The result is that rural agricultural and grazing land has become a vast
retirement and social security safety net for hundreds of millions of
people, even those living in the Diaspora often claim such rights as are due
to them under tribal law.
Then there is the fact that if such rights are exercised within the
framework of a consensual tribal culture, such land owners only have
security in so far as they occupy and use the land in question. So, for
example, you have the spectacle that each year people plough vast areas in
the vicinity of their rural homesteads just to maintain their traditional
land usage and occupation rights.
Such rights cannot be expressed in law or in writing and certainly cannot be
sold or used as collateral.
Such a system is reinforced in dictatorial tribal or country systems by
leaders who recognise immediately the leverage that such systems give those
with the tertiary rights to control land allocations.
The first result of this situation is that Africa is witnessing the fastest
destruction of its fragile environment in the history of mankind. The
deserts of Africa are all expanding –– some by kilometres every year. Much
of North Africa that is today sand and stone desert was at one time
productive savannah. It is within recorded history, that the Sahara Desert
was at one stage, the granary of the Mediterranean region.
The second is that those who depend on the land for a living are almost
universally among the poorest people on earth.
They constitute a disproportionate share of the absolute poor, living on
less than US$2 a day. Agricultural systems based on such traditional land
title rights are always subsistence –– barely able to meet the needs of the
immediate community let alone provide for urban markets.

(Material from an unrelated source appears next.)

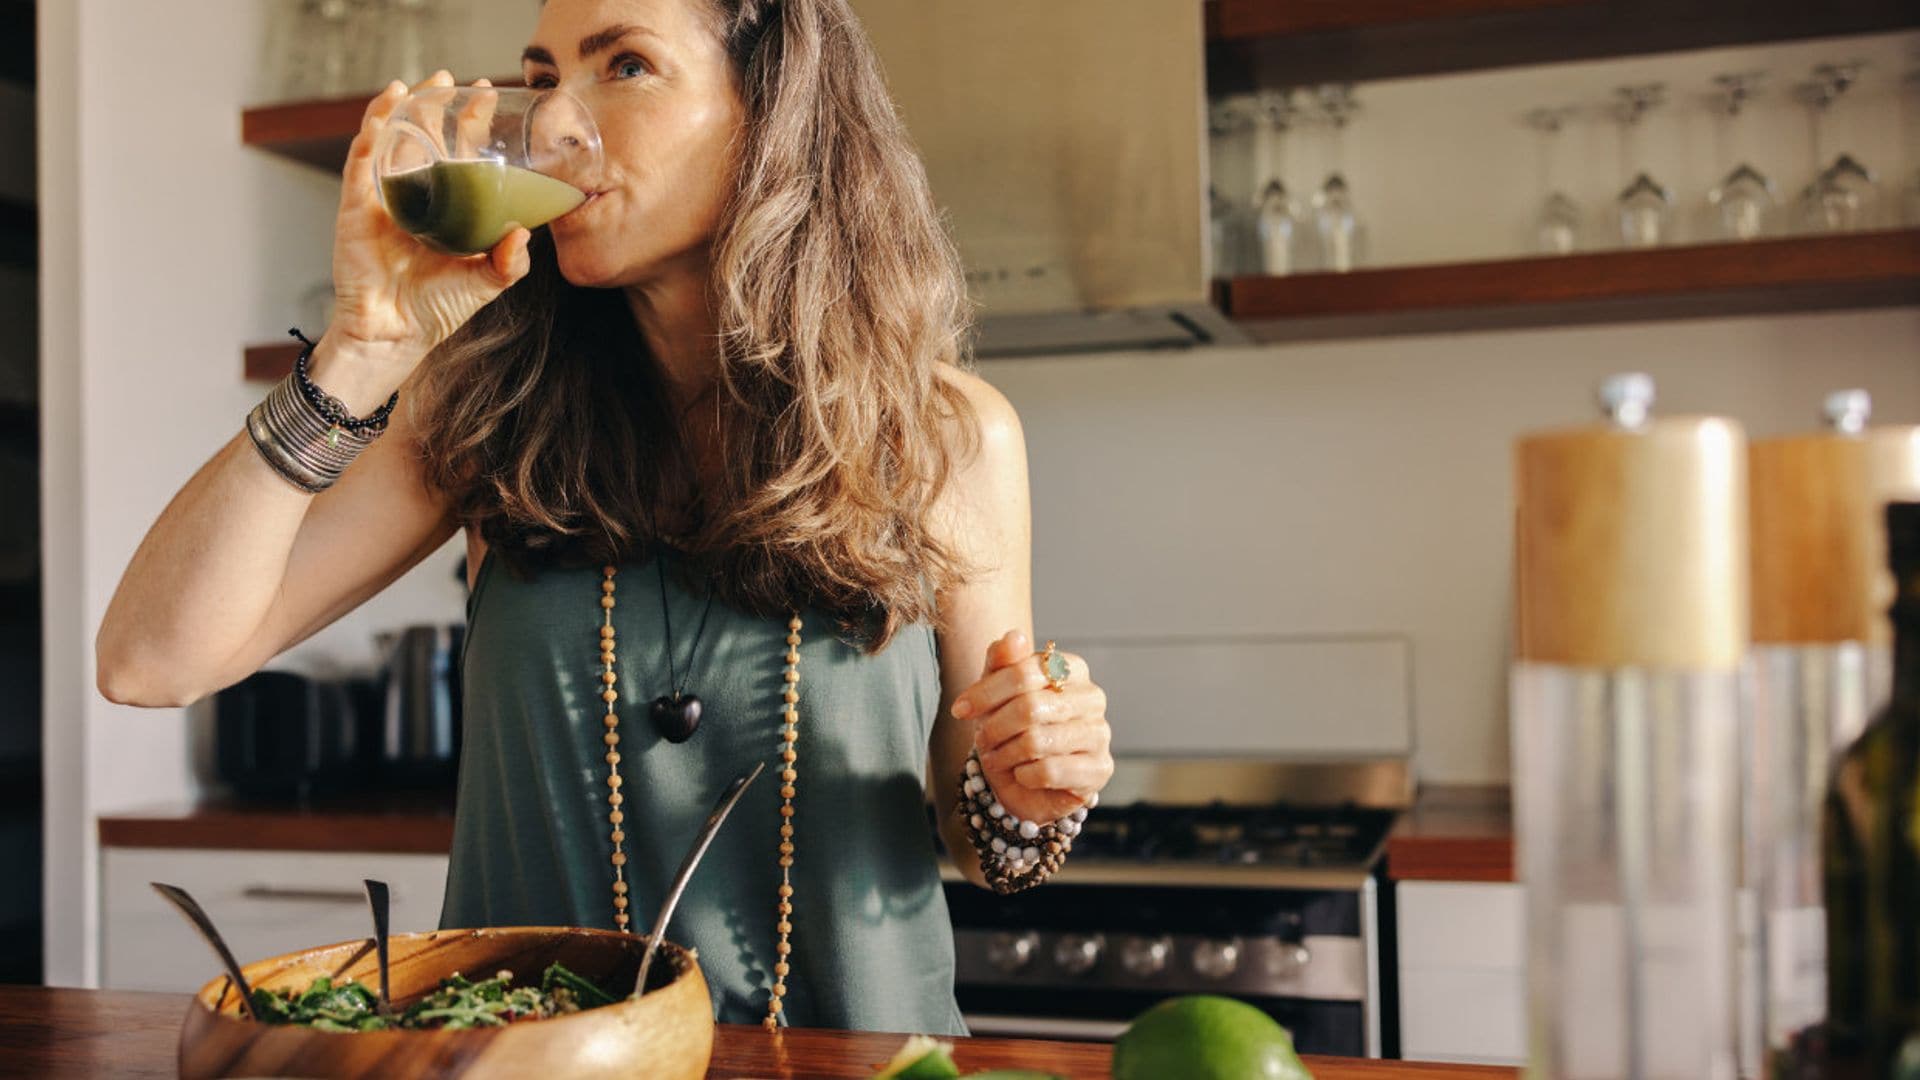 Menopausia: por qué si comes grasa (saludable) pierdes peso y funciona mejor tu organismo

Money transfers tend to be towards such communities rather than from them ––
absorbing savings and creating societies that cannot generate the capital
resources to develop their countries on their own.
The third consequence is that the African economy is denied the inherent
capital value of land and its ability to collateralise the rest of the
economy through the operation of land markets. In Zimbabwe for example, the
GDP stands today at about US$10 billion. The national debt nearly the same
value while the currency in circulation is perhaps US$4 billion. Compare
this to the theoretical value of urban assets at about US$5 billion and of
rural farm land of at least US$20 billion.
The fourth dimension of this situation lies in the simple fact that people
do not invest in assets that they do not own or control.
Communal land rights are universally characterised by poor development and
maintenance. Who is going to invest in infrastructure on land they do not
own? Who is going to try and improve the fertility of land that they might
lose control of next year? Such issues are universal in character.
Land is Africa’s greatest asset and yet it remains a dead asset under
present arrangements; barely able to sustain itself both economically and
ecologically. This critical issue is brought to the fore by two things ––
our inability to reduce the high proportion of our population in absolute
poverty and associated human degradation and our inability to control and
reverse land gradation.
Any good pasture scientist will tell you that once land has become desert,
it is almost impossible to reverse the process.
Yes you can plant trees across the Sahel, yes you can remove people from
vast swathes of country and relocate them to land that can support them for
a while, but so long as there is no ownership, backed by legal, negotiable
title rights, land will continue to degrade, irrespective of where it is.
In many respects this is Africa’s greatest challenge and until its leaders
come to grips with it and take the required steps to grant their own people
basic secure title rights to the land they use to make their living, there
cannot be any real long-term development either of African economies or
African democracies and freedoms.
Cross is MDC-T MP for Bulawayo South.